Вад. К. То, что произошло в 37-м году, было закономерным, даже, может быть, неизбежным последствием всего развития страны, а не какой-то вспышкой безотчетной жестокости. Люди, которые десятилетиями готовились к революции и сравнительно недавно совершили ее, действительно воспитаны были в беспощадности ко всем, кто считался врагами. А тут получилось так, что сами наиболее активные деятели революции оказались, с одной стороны, как бы излишними, а с другой стороны, даже как бы враждебными.

Произошло это потому, что после так называемой второй революции – коллективизации – опять-таки закономерно, с исторической необходимостью началась стабилизация страны. Это выразилось в массе всяких событий, в разных областях жизни. Можно смело утверждать, что с 34-го года начался откат от революционной ситуации. Вместе с тем резко изменилось отношение к отечественной истории.

Вик. К. От полного радикального революционного отрицания к более трезвому и объективному подходу?
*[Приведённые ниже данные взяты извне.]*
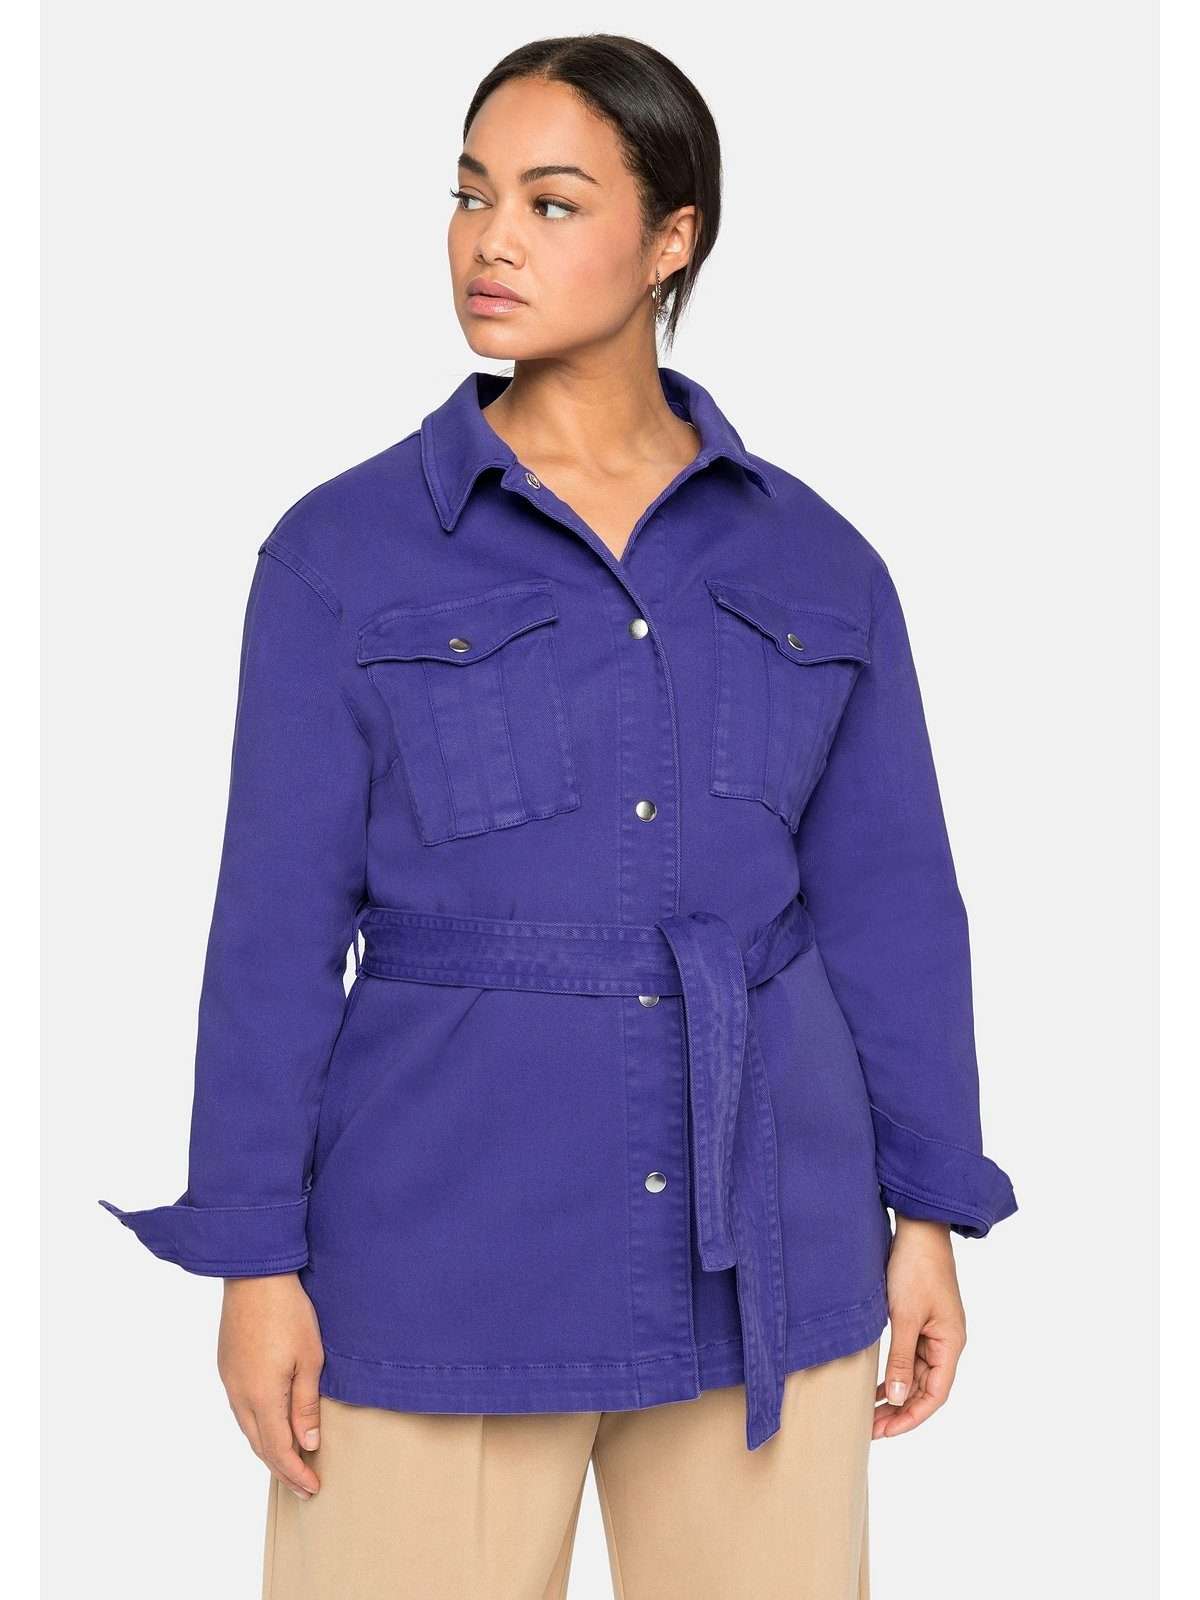 Джинсовая куртка большого размера в стиле рубашки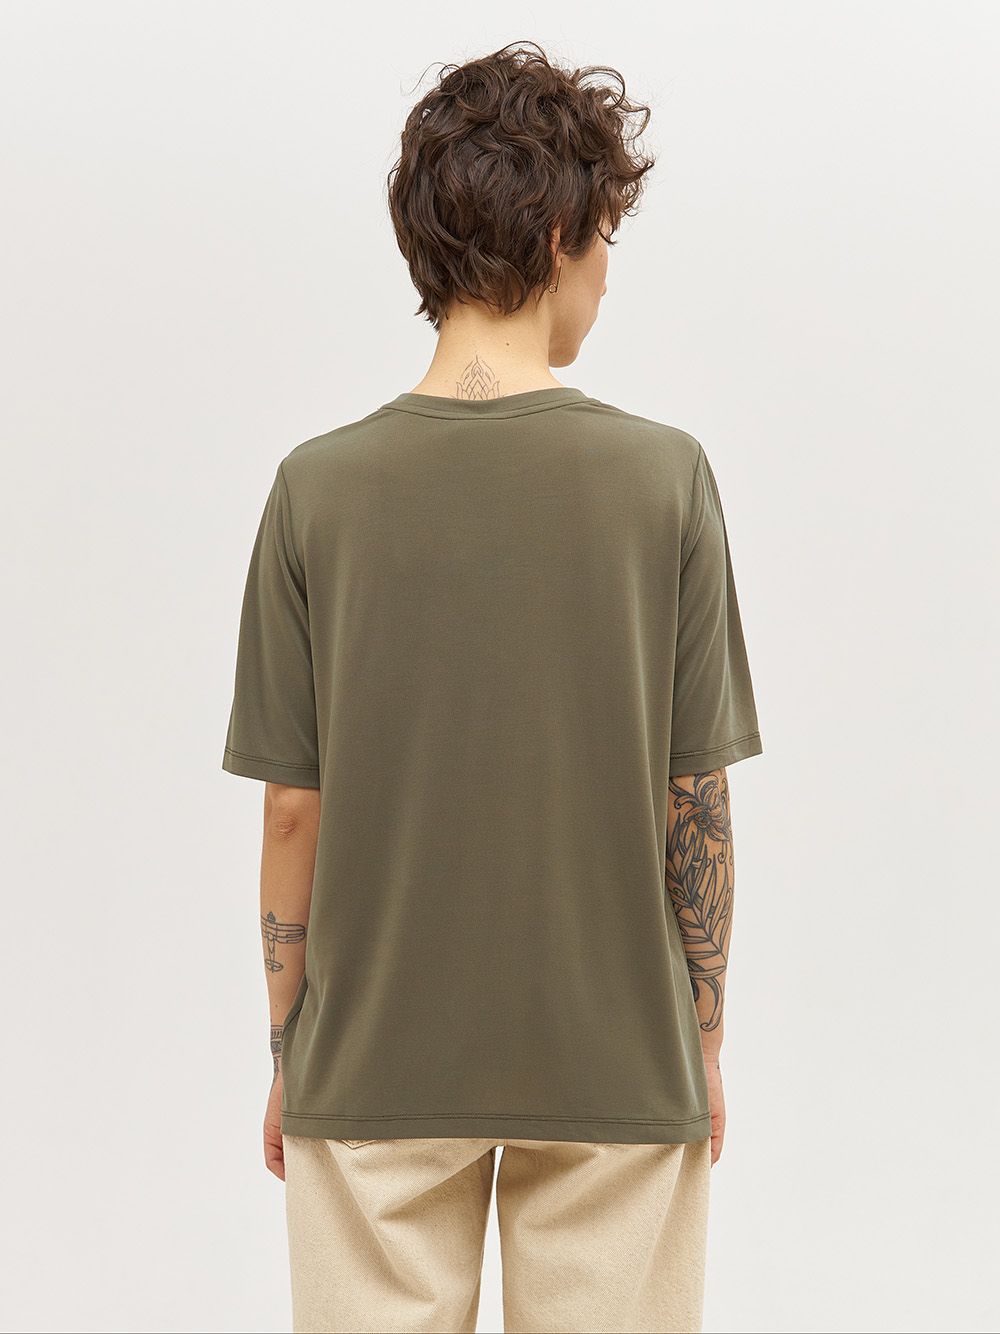 Базовая футболка CINIS из эко-ткани «модал» цвета хаки. Изображение 4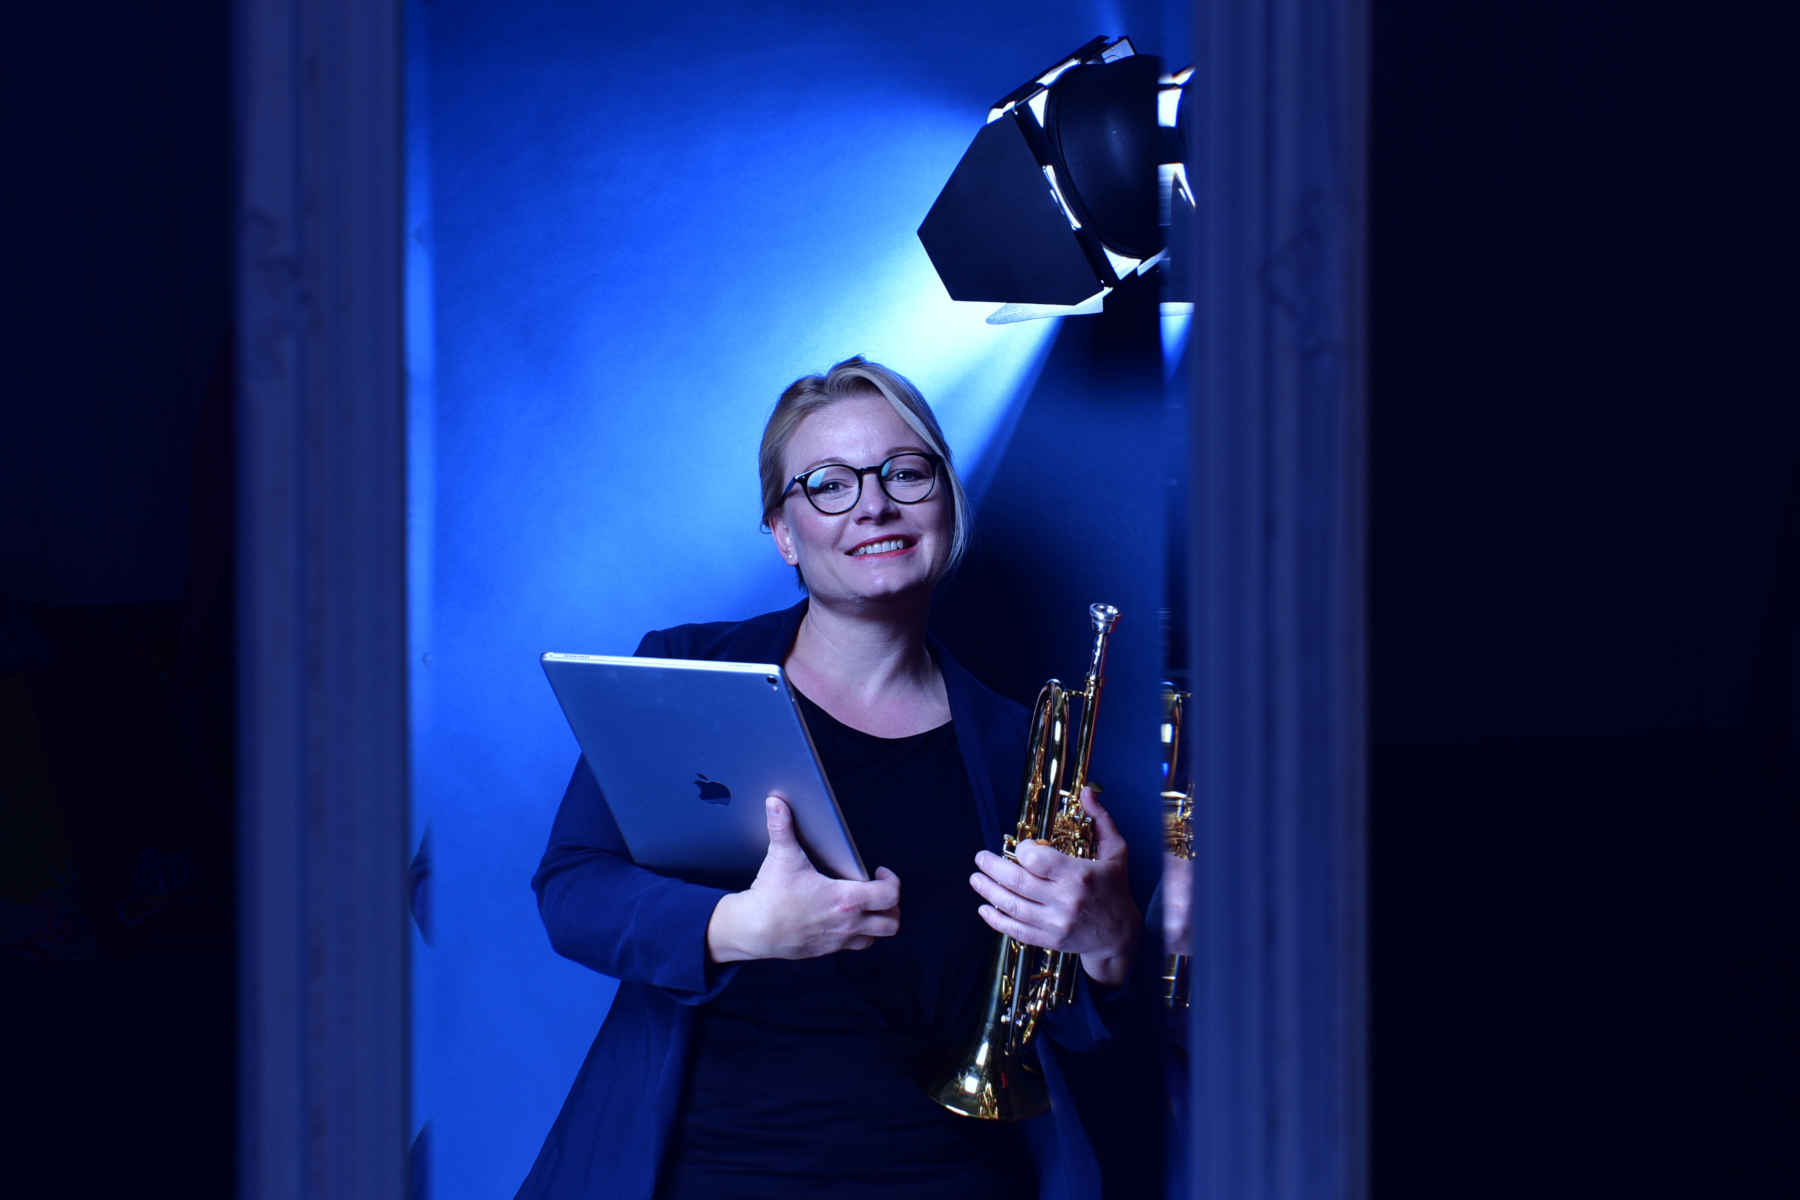 Trompete lernen – 20 Fragen an Kristin Thielemann

Вад. К. Напомню: одновременно со второй революцией – коллективизацией – началась и жестокая борьба с русскими историками. В это время были арестованы десятки крупнейших представителей русской исторической науки. Их обвинили в подготовке переворота, даже чуть ли не в создании теневого правительства и так далее. Но что интересно – начиная с 34-го года все это вдруг стало сходить на нет. И через несколько лет те люди, которые в 29 – 30-м годах были объявлены страшными врагами народа, лишены возможности не только заниматься историей, а вообще были как бы вычеркнуты из жизни, – возвращаются. Правда, два замечательных историка – Платонов и Любавский умерли в ссылке. Но обратите внимание: в 37-м году выходит основной труд Платонова – о Смутном времени. Выходит и пропагандируется всячески! Вот этот перепад совершенно удивителен. Более того, те историки, которые выжили, слава Богу, не только возвращаются в науку, они получают высшие отличия – становятся членами-корреспондентами, академиками, получают ордена, Сталинские премии и так далее.

Словом, произошел чрезвычайно плодотворный поворот, без которого, я убежден, мы не победили бы в Отечественной войне.

Вик. К. Вы имеете в виду именно отношение к истории?

Вад. К. В частности, и это. Если возьмете, например, Малую Советскую Энциклопедию, изданную на рубеже 20 – 30-х годов, вы обнаружите, что все самые выдающиеся, самые ценимые деятели русской истории – Александр Невский, Дмитрий Донской, Минин и Пожарский, Петр I, – все изображены в чудовищно негативном свете.

Вик. К. Я знаю это издание – синий десятитомник…

Вад. К. Ну вот, он был завершен до 33-го года. А начиная как раз с 37-го на экраны выходят киноэпопеи, кинопоэмы о Петре I, Александре Невском, о Минине и Пожарском, и вся страна восторженно смотрит. Я мальчишкой тогда был, но помню, с каким восторгом даже дети это воспринимали. Мы, например, все играли в Александра Невского.

Вик. К. Мы тоже, хотя я смотрел эти фильмы несколько позднее.

Вад. К. Да, такой колоссальный поворот. Причем это только одно проявление. Его можно обнаружить где хотите – и в хозяйстве, и в идеологии – во всем.

Интересно, что два человека, достаточно значительных, но стоящих на противоположных идеологических позициях, очень чутко прореагировали на этот поворот: Троцкий и, с другой стороны, известный философ Георгий Федотов. Они оба в 36-м году, то есть еще до 37-го, но в канун его, будучи за границей, выступили с примечательными работами, где писали о том, что произошло в стране.